Check Digit Verification of cas no
The CAS Registry Mumber 17025-47-7 includes 8 digits separated into 3 groups by hyphens. The first part of the number,starting from the left, has 5 digits, 1,7,0,2 and 5 respectively; the second part has 2 digits, 4 and 7 respectively.
Calculate Digit Verification of CAS Registry Number 17025-47:
(7*1)+(6*7)+(5*0)+(4*2)+(3*5)+(2*4)+(1*7)=87
87 % 10 = 7
So 17025-47-7 is a valid CAS Registry Number.
InChI:InChI=1/C7H5Br3O2S/c8-7(9,10)13(11,12)6-4-2-1-3-5-6/h1-5H
17025-47-7Relevant academic research and scientific papers
Controlled α-mono- and α,α-di-halogenation of alkyl sulfones using reagent-solvent halogen bonding
Poteat, Christopher M.,Lindsay, Vincent N. G.

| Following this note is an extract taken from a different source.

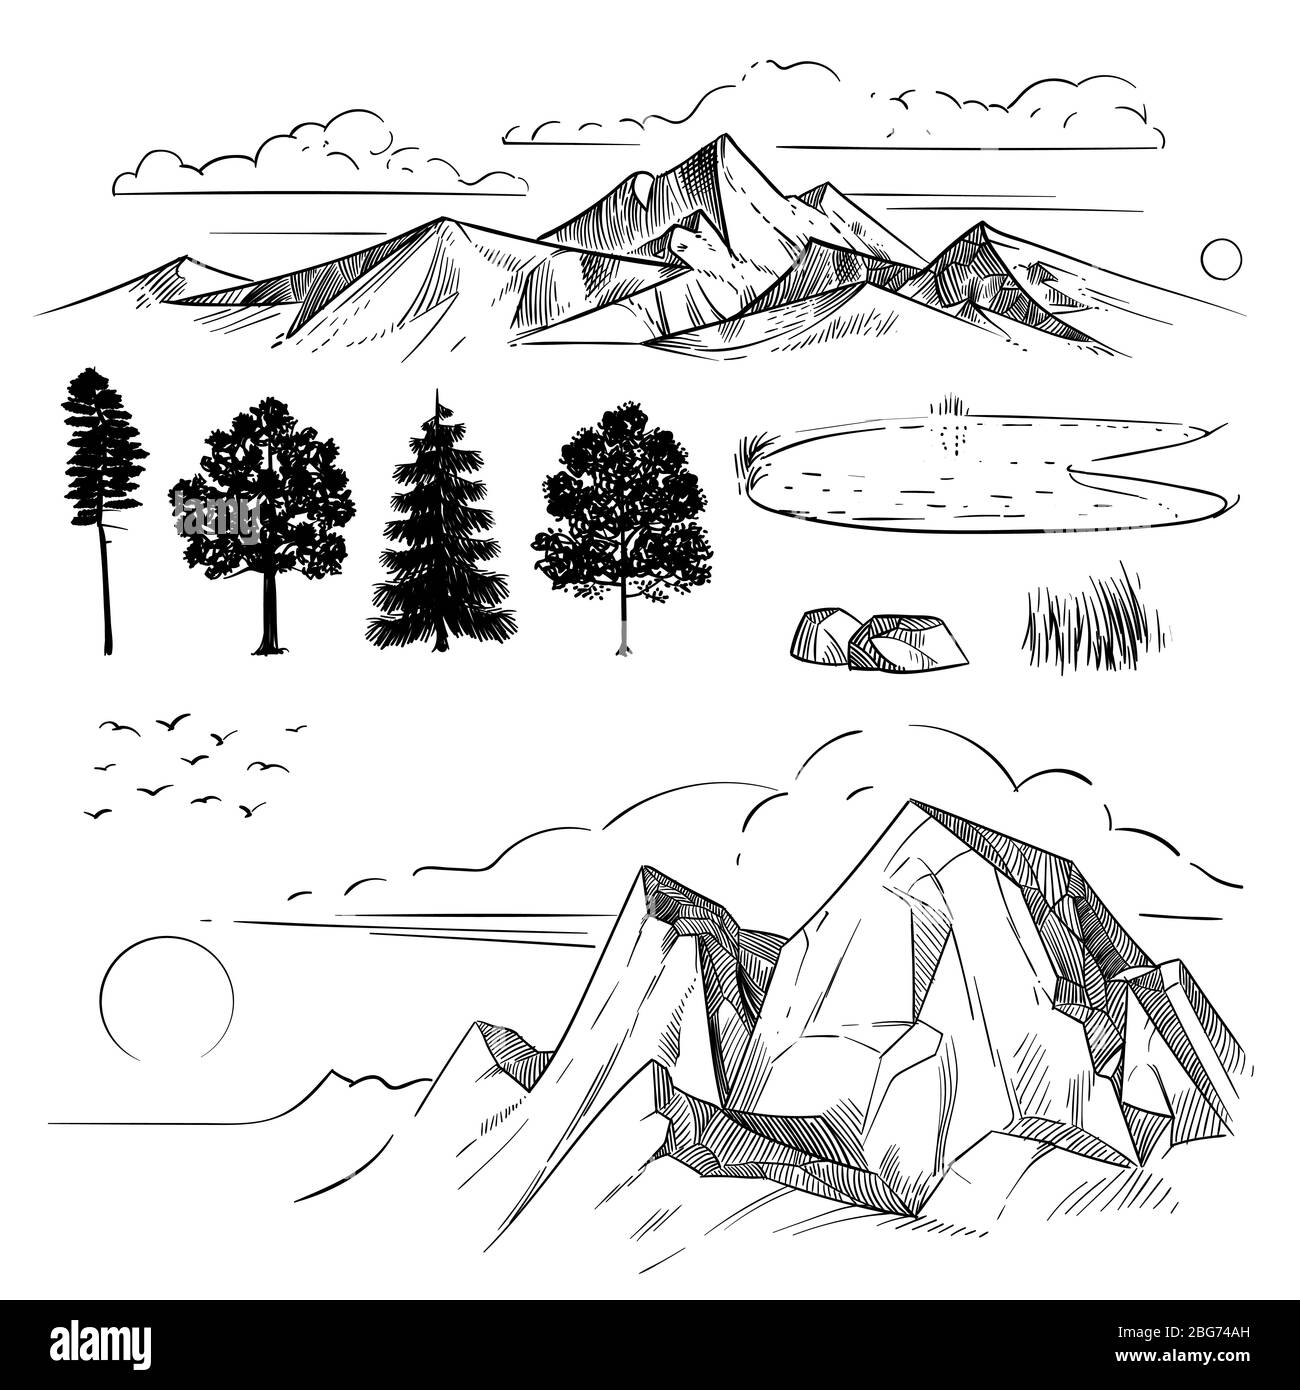 Hand Zeichnung Bergkette, Spitzen Wolken, Sonne und Waldbäume. Retro Berge und Landschaft Elemente isoliert Radierung Vektor-Set. Naturlandschaft, Stock Vektor

, p. 2912 - 2915 (2019/03/17)
The direct and selective α-mono-bromination of alkyl sulfones was achieved through base-mediated electrophilic halogenation. The appropriate combination of solvent and electrophilic bromine source was found to be critical to control the nature of the products formed, where reagent-solvent halogen bonding is proposed to control the selectivity via alteration of the effective size of the electrophilic bromine source. Conversely, the α,α-di-brominated sulfones were selectively obtained in good yields following polyhalogenation followed by selective de-halogenation during workup. Both procedures can be applied on gram scale, and the mono-halogenation was successfully extended to the fully selective α-chlorination, α-iodination and α-fluorination of alkyl sulfones.

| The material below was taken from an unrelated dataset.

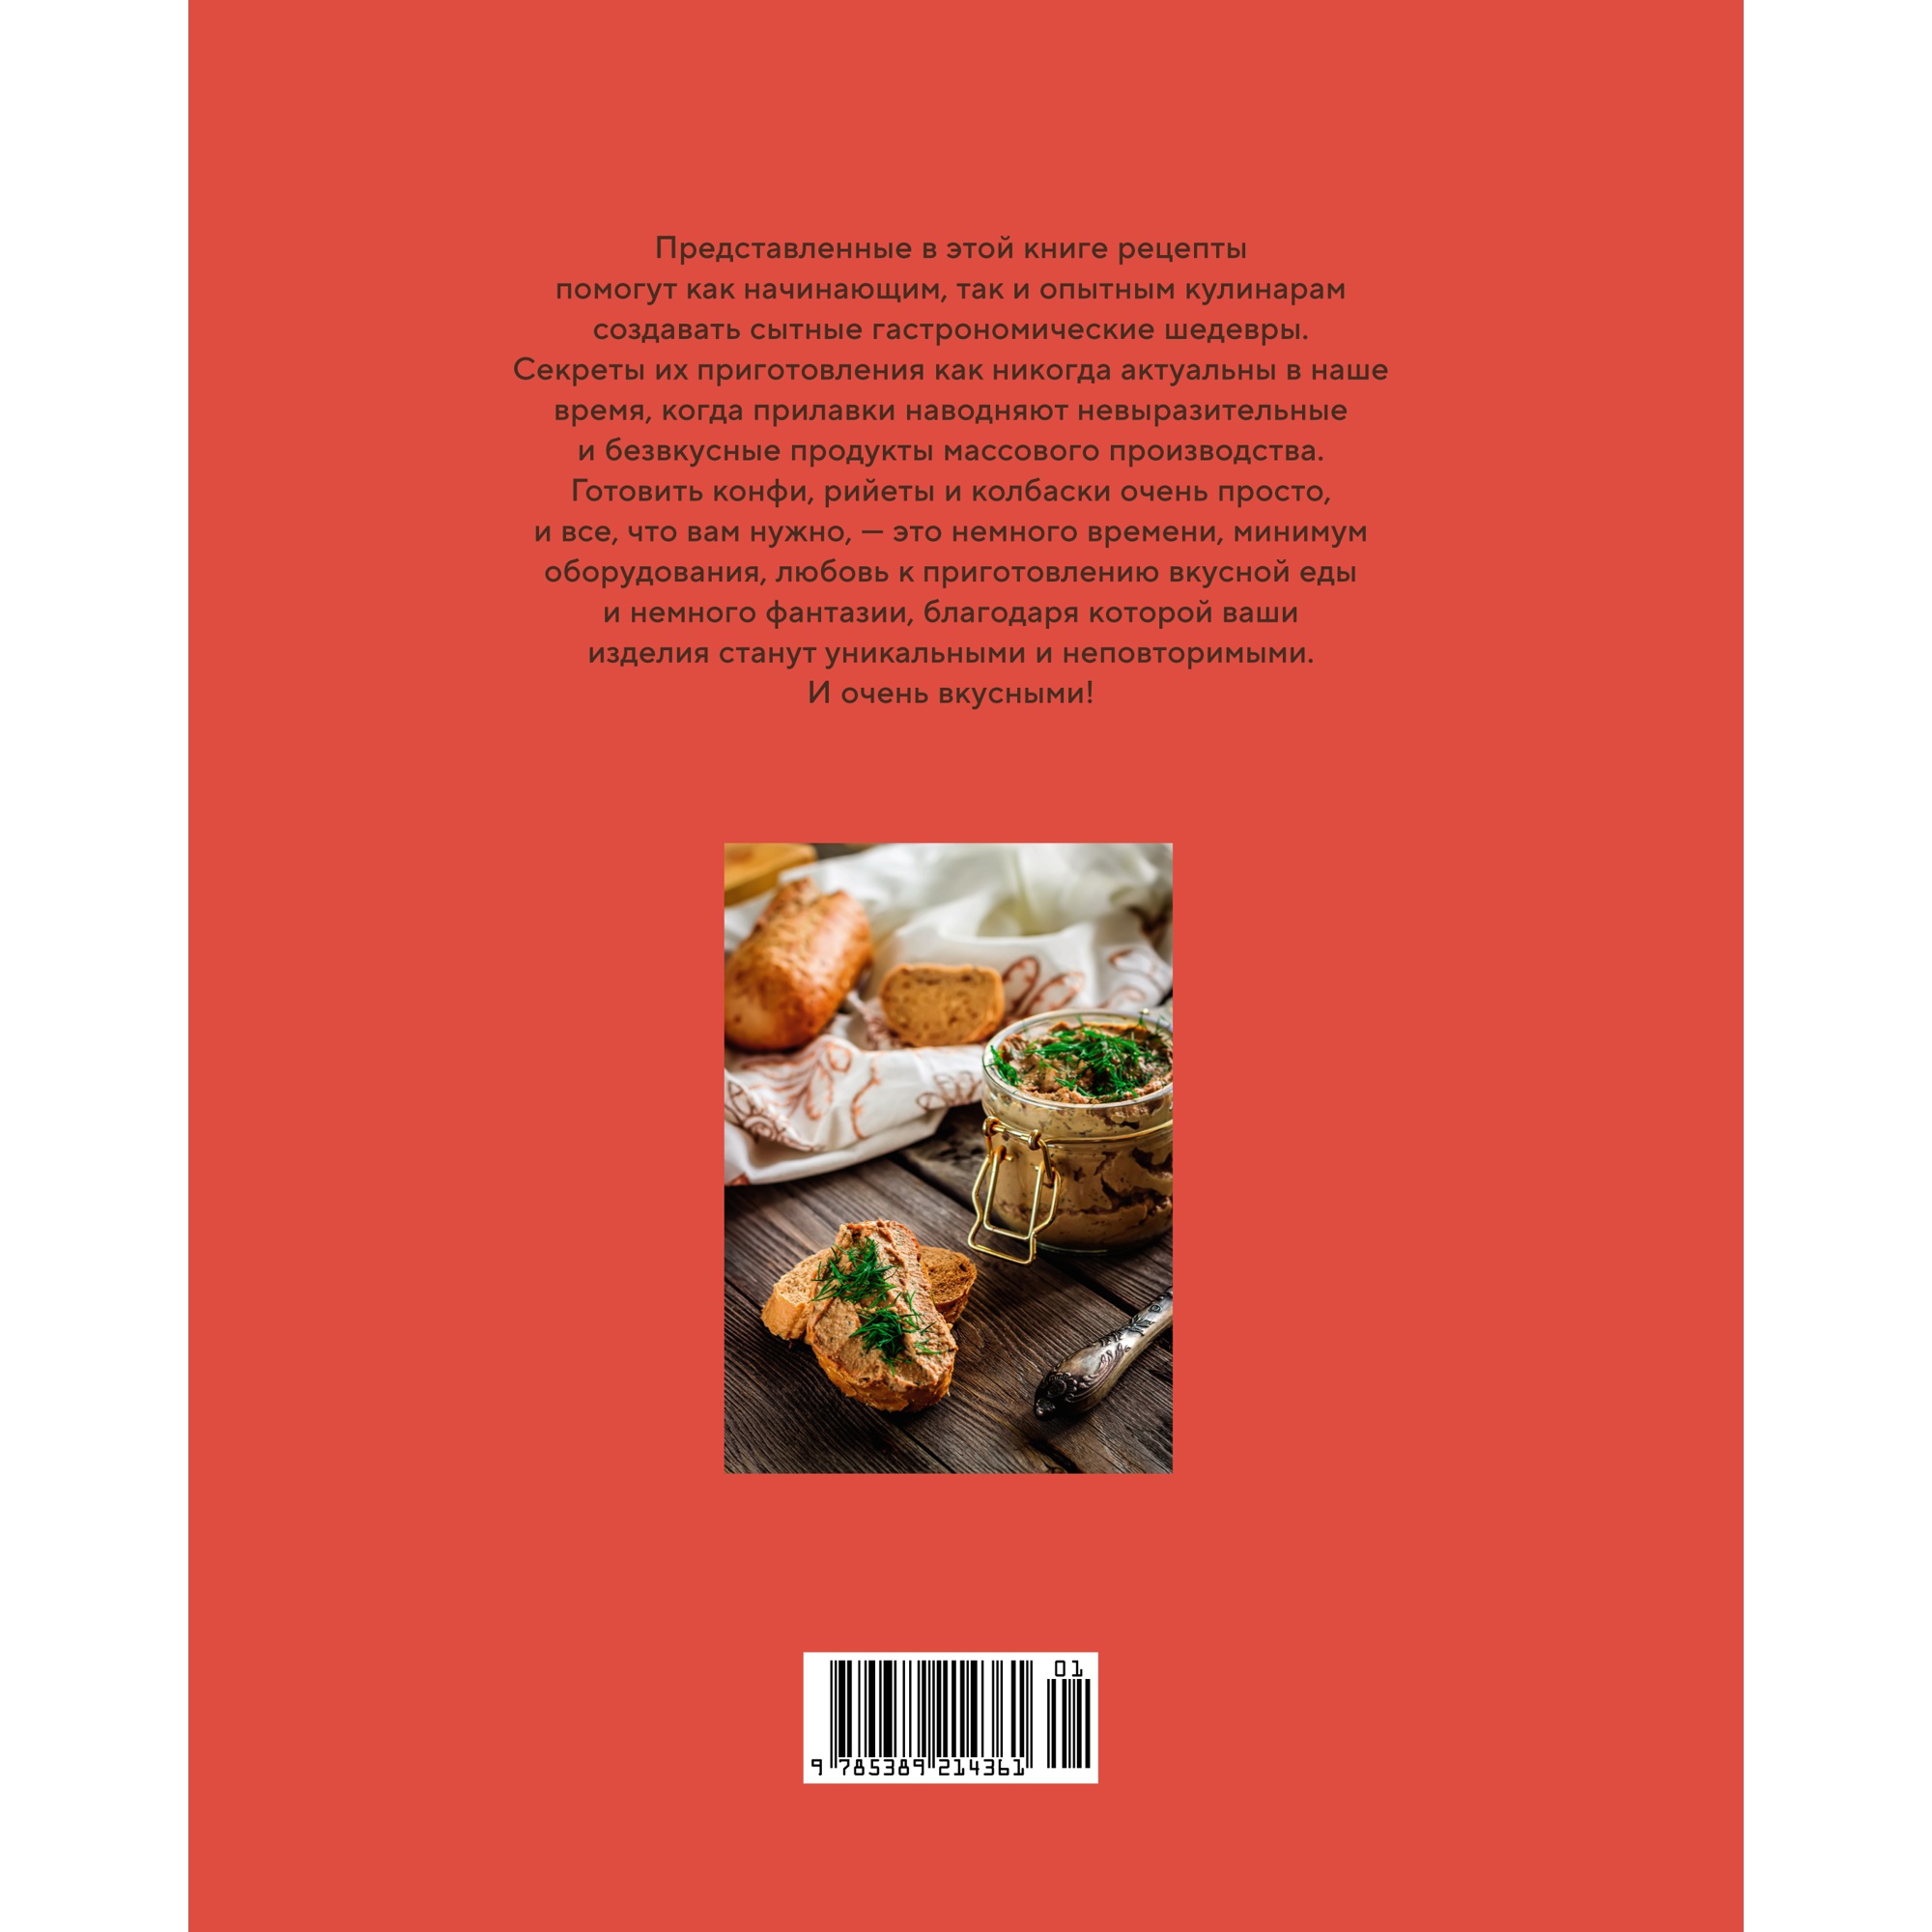 Книга КОЛИБРИ Домашние мясные деликатесы: закуски паштеты колбаски ветчина - фото 24

A simple and efficient synthesis of trihalomethyl and dihalonitromethyl aryl sulfones
Borys, Krzysztof M.,Korzynski, MacIej D.,Ochal, Zbigniew
, p. 6606 - 6610,5 (2012/12/12)
A method for the preparation of aryl trihalomethyl sulfones - active biocidal agents - with identical or different halogens is presented. The synthesis is based on the reaction of aryl methyl, aryl halomethyl, or aryl nitromethyl sulfones with sodium hypohalite. The method is simple in implementation, does not necessarily require the use of organic solvents, and selectively affords the products in good to excellent yields. Notably, it allows the preparation of the hitherto unknown phenyl trihalomethyl sulfone with three different halogens: fluorine, chlorine, and bromine.